The truth is that even though temptation, trial, and test explore the difference nuances of peria, we can’t forget that God chose to use one word for a reason. Many times, our temptation, trials and testings occur simultaneously. For example, your car recently died on your way to work.This is a trial brought about by the effects of sin—everything in our world wears down and eventually dies. The temptation for is to question God’s love and concern about the details of your life. To become angry and say bad words and slam your fist on the car. To blame God for your negative circumstances. Now most, likely, God will use this trial (even thought it did not originate from Him) to test your faith. To see if you will hold fast to the truth of His Word (God works all things together for good) or we will believe and act on the lies of the devil (my life sucks, God does not care about me, I have the right to be angry).
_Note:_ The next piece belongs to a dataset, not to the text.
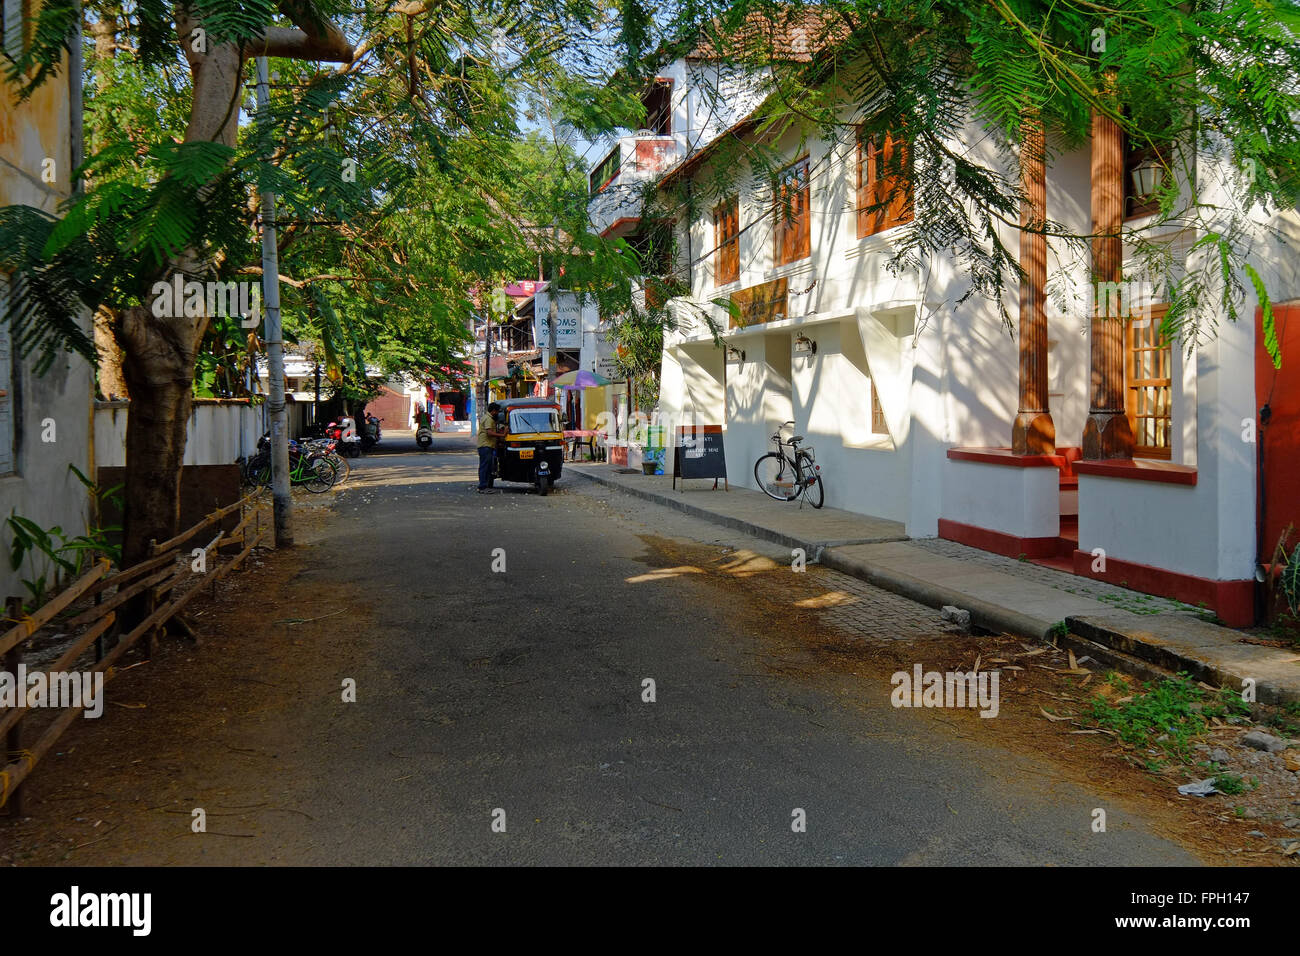 Tuk tuk in street In the old town of Kochi ( Cochin) , Kerala, India Stock Photo

The beauty is that God is working in the ugliness of life to produce beauty that glorifies Him. When I can respond joyfully to my car breaking down on the freeway:
“God use this unique situation to help me learn to trust You and praise You in all circumstances. Let any who don’t know You get a glimpse of Your redemption story as they see me respond to my car trouble.”
When I respond rightly to trials, temptations and test then God is truly “on the couch” of my life—getting the maximum glory. And isn’t that the point?